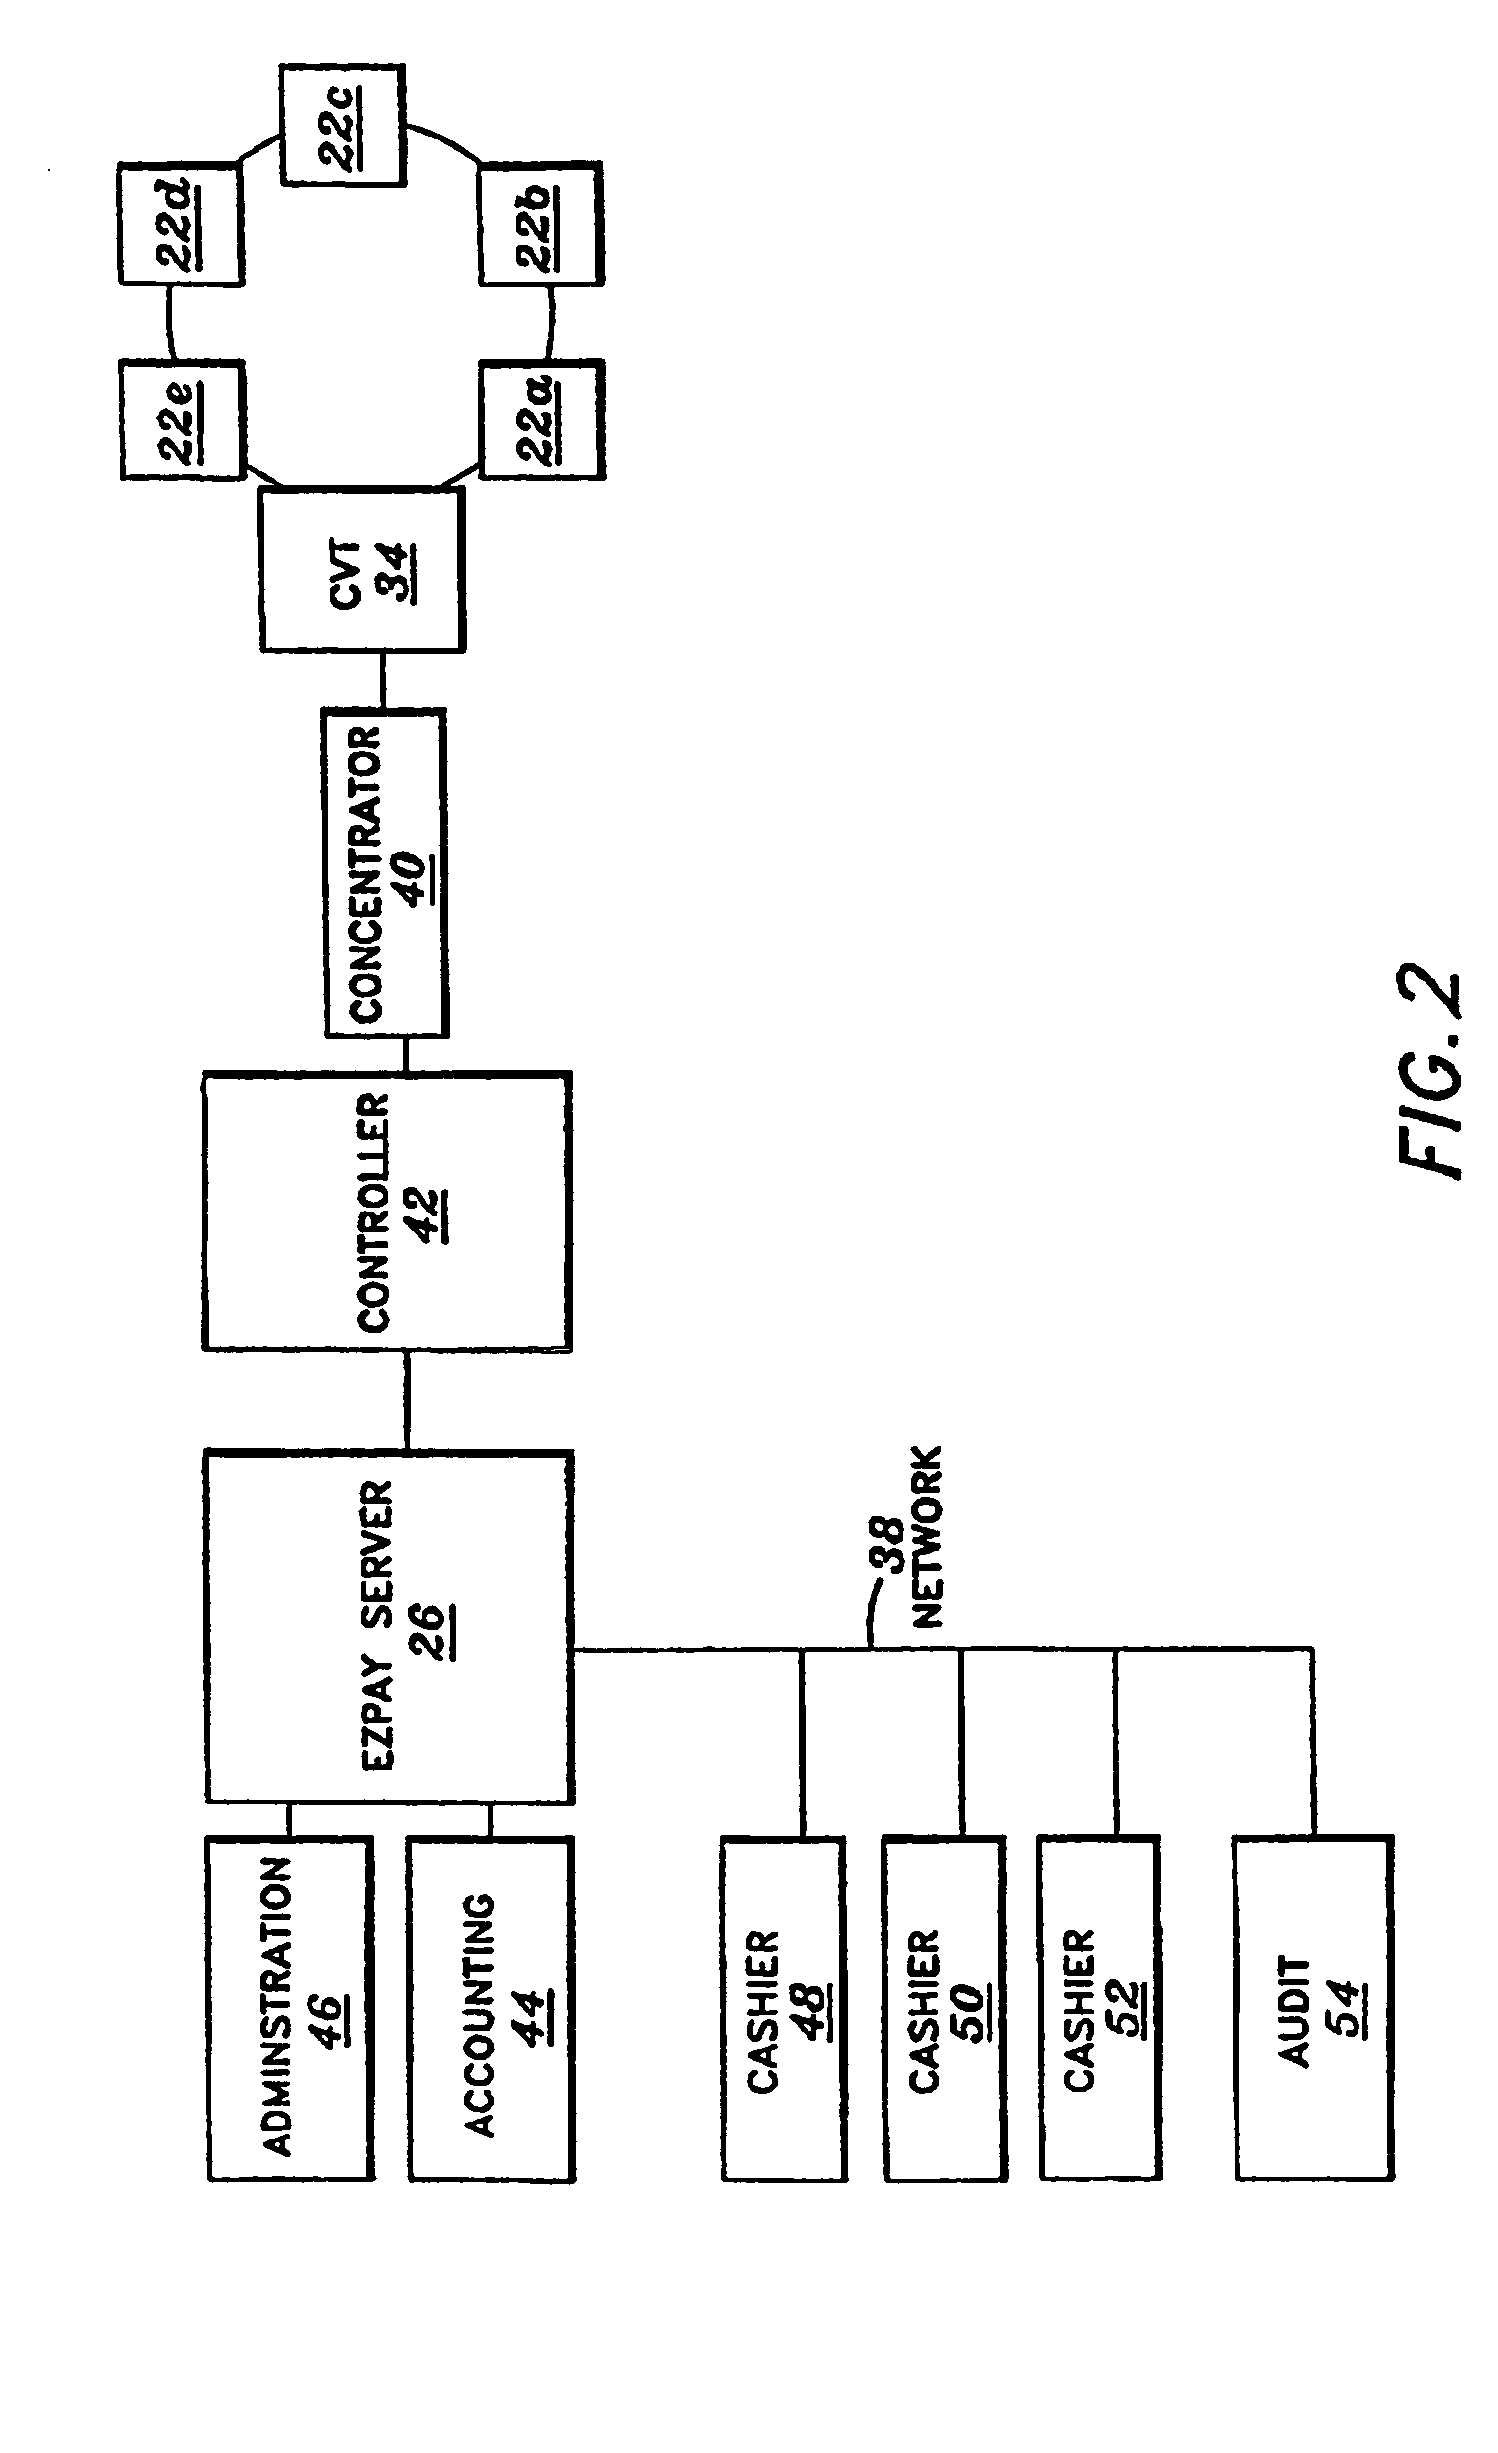 Gaming environment including portable transaction devices
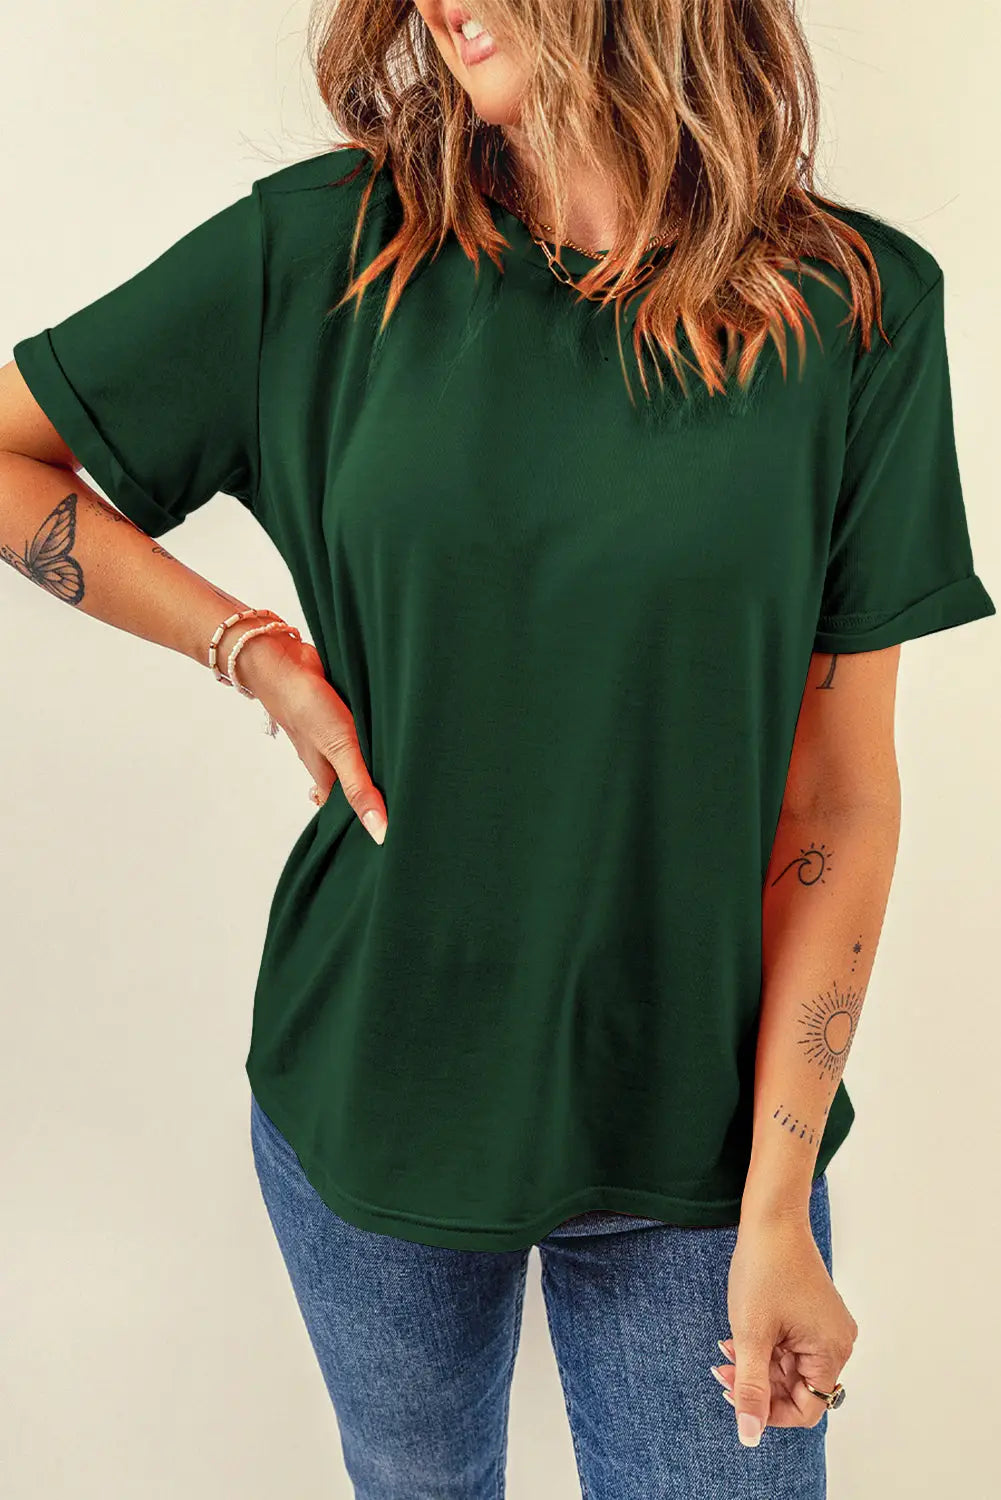 Red casual plain crew neck tee - green / 2xl / 62% polyester + 32% cotton + 6% elastane - t-shirts
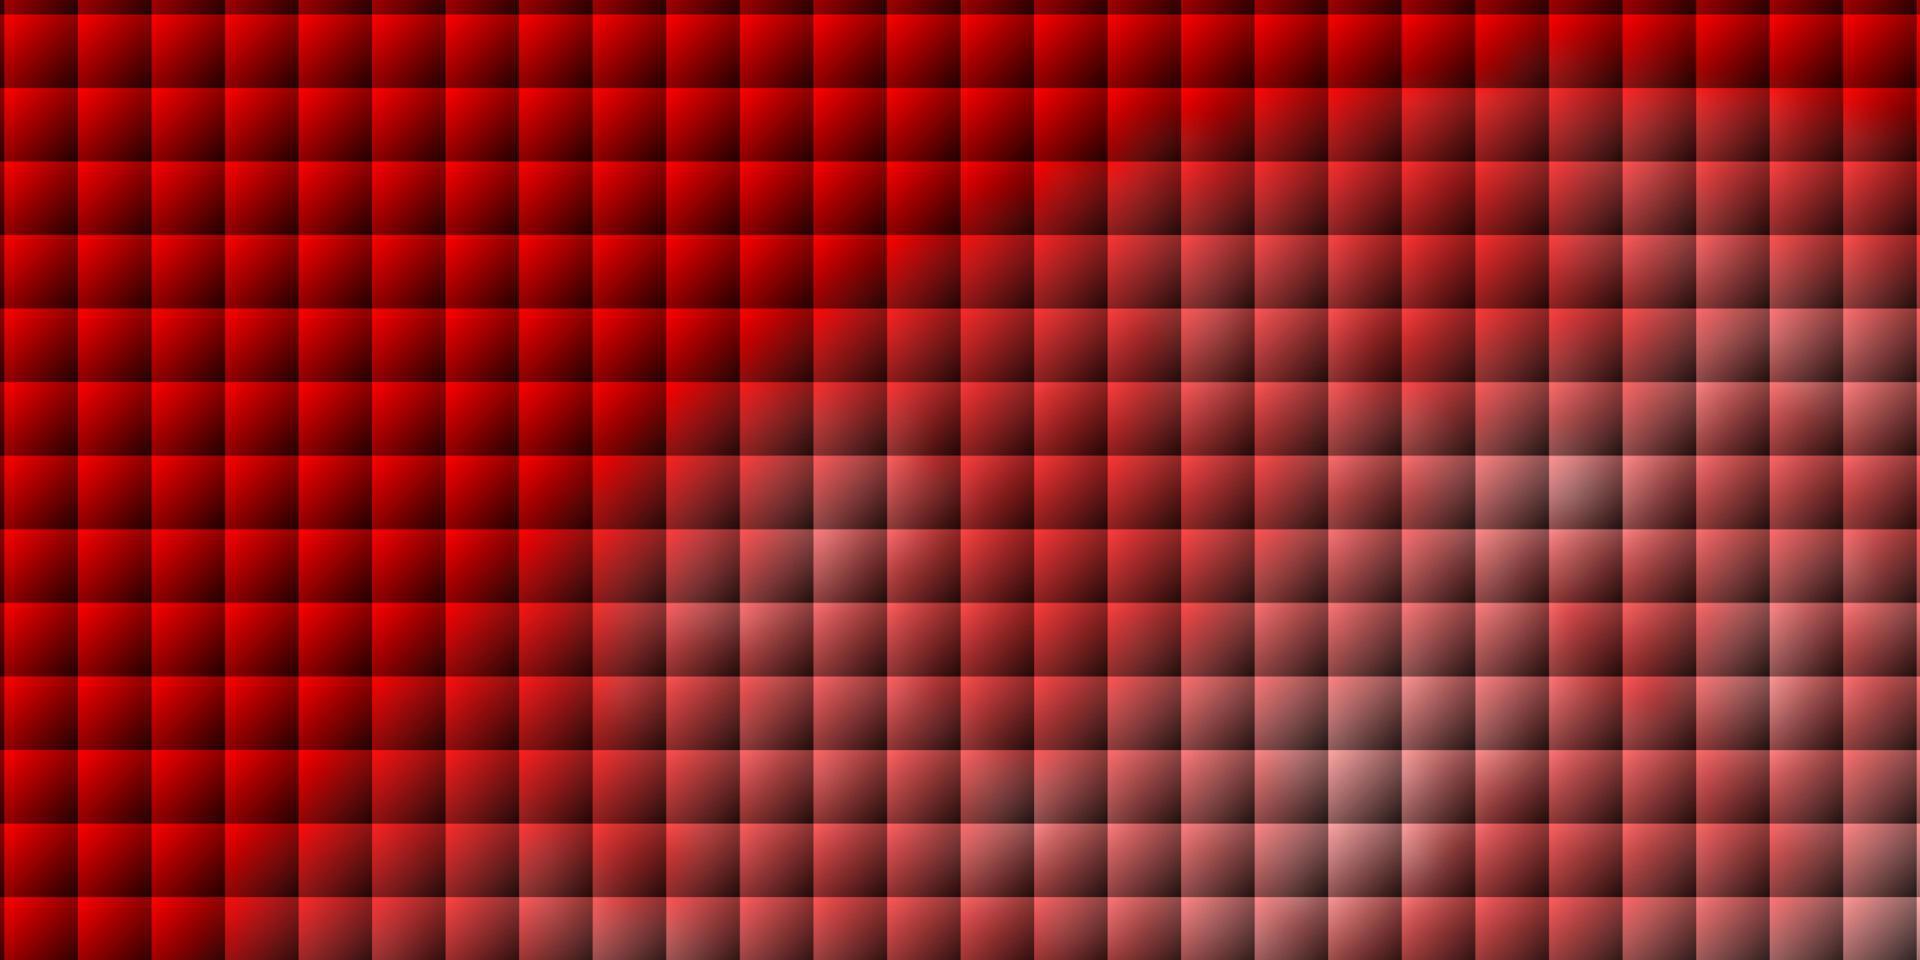 Light Red vector layout with lines, rectangles.

○ ○ ○ ○ ○ ○ ○

• Task description
A word-for-word copy of the listing is the goal; keep every picture out of it.

• Answer box
 Gaming environment including portable transaction devices
 Red casual plain crew neck tee - green / 2xl / 62% polyester + 32% cotton + 6% elastane - t-shirts
 Light Red vector layout with lines, rectangles.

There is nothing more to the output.